ASEAN KEY DESTINATIONS
Singapore exports fall most in 3 years in March
SINGAPORE exports tumbled at their fastest pace in three years in March on falling shipments to Europe and China, official data showed yesterday, supporting forecasts for slower economic growth and further monetary easing this year.
Non-oil domestic exports shrank 15.6 per cent year-on-year for the month, trade promotion body International Enterprise (IE) Singapore said, worse than the 12.3 per cent fall analysts had projected.
It was also the trade-reliant city-state’s worst export performance since a 30.6 per cent year-on-year decline in February 2013, Singapore’s United Overseas Bank (UOB) said.
“Singapore exports remain entrenched in a rut, raising the odds of downside risks to the local economy’s growth,” ANZ Research said in a note.
“If the current trend persists, it could increase the possibility of a central bank easing at their next policy review in October.”
The Monetary Authority of Singapore last Thursday announced a surprise easing of monetary policy to kickstart the stuttering economy by boosting exports as analysts warned of a possible recession.
In a statement, IE Singapore said electronics exports, such as semiconductors, shrank 9.1 per cent in March, compared to a 0.7 per cent expansion in February.
Non-electronics shipments, including pharmaceuticals and petrochemicals, declined 18 per cent, reversing the previous month’s 2.6 per cent growth.
There was a notable dip in demand from the European Union and China, both major markets for Singapore.
Exports to the EU plunged 39.1 percent from 16.1 per cent growth in February while shipments to China dropped 14 per cent, accelerating from a 1.2 per cent decline.
Exports to the US fell at a slower 6.2 per cent from 4.2 per cent growth in February.
UOB said exports “will likely remain weak” in the first half but should improve in the second half to end the year on a slightly positive note.

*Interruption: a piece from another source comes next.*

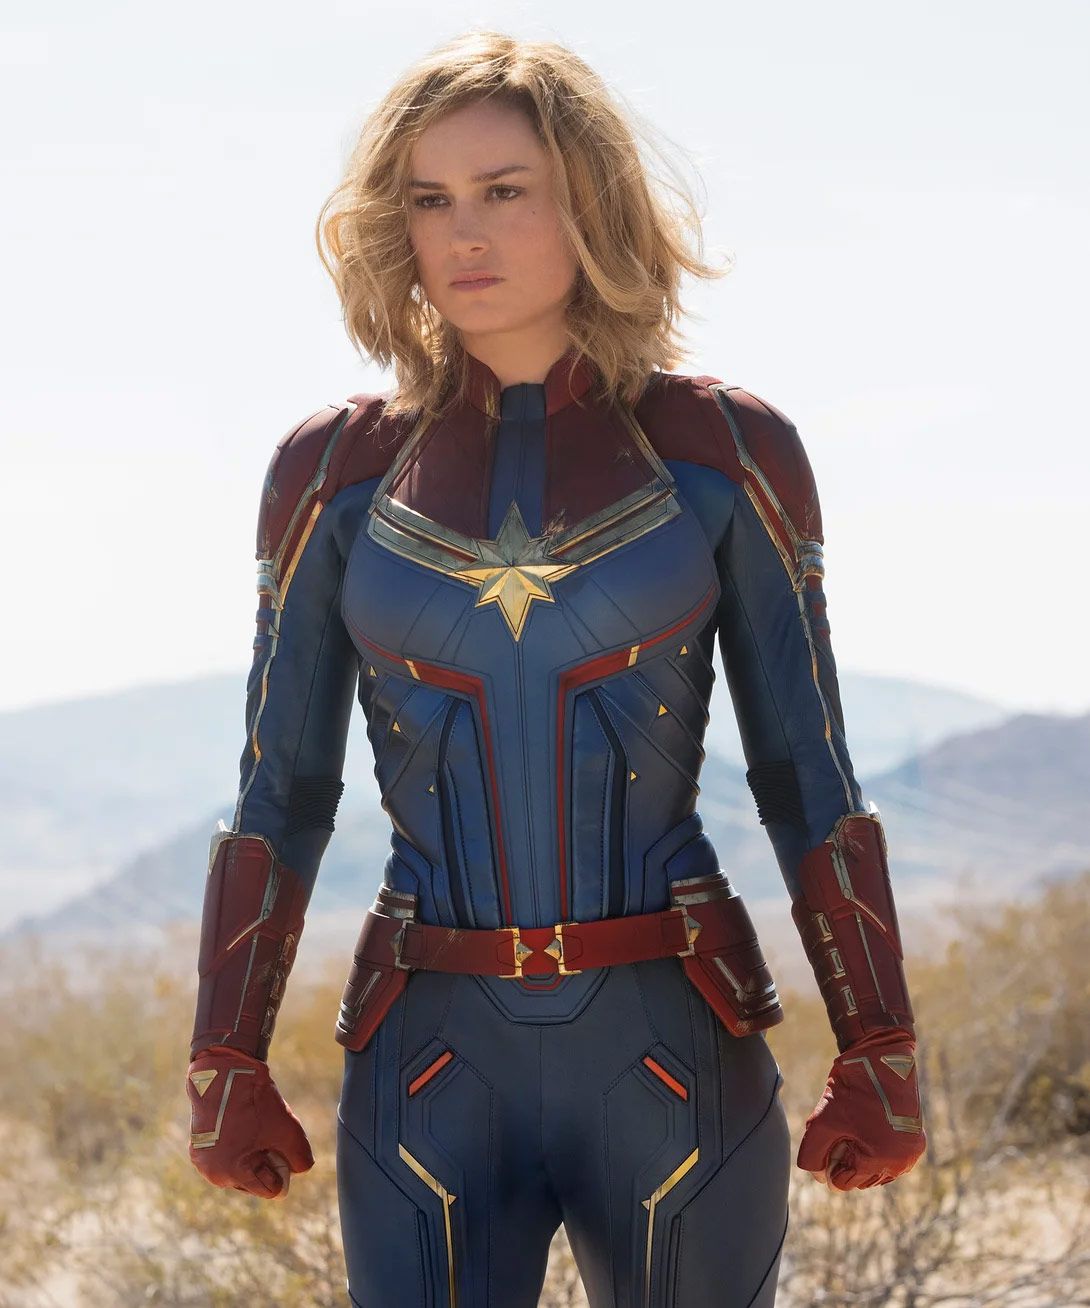 Brie Larson Unsure If Fans Want More 'Captain Marvel'

“However, there could be downside risks to our forecast should the uncertainties in China’s growth and oil prices perpetuate,” it said.
The government projects economic growth at 1.0-3.0 per cent this year, but private sector economists expect it to come in at the lower end of the range. The economy grew 2.0 per cent last year.
DBS Bank senior economist Irvin Seah said last week he expects growth this year at 1.5 per cent, which implies at least one quarter of contraction.
But the risk of a technical recession – two successive quarters of shrinkage – should not be discounted, he added.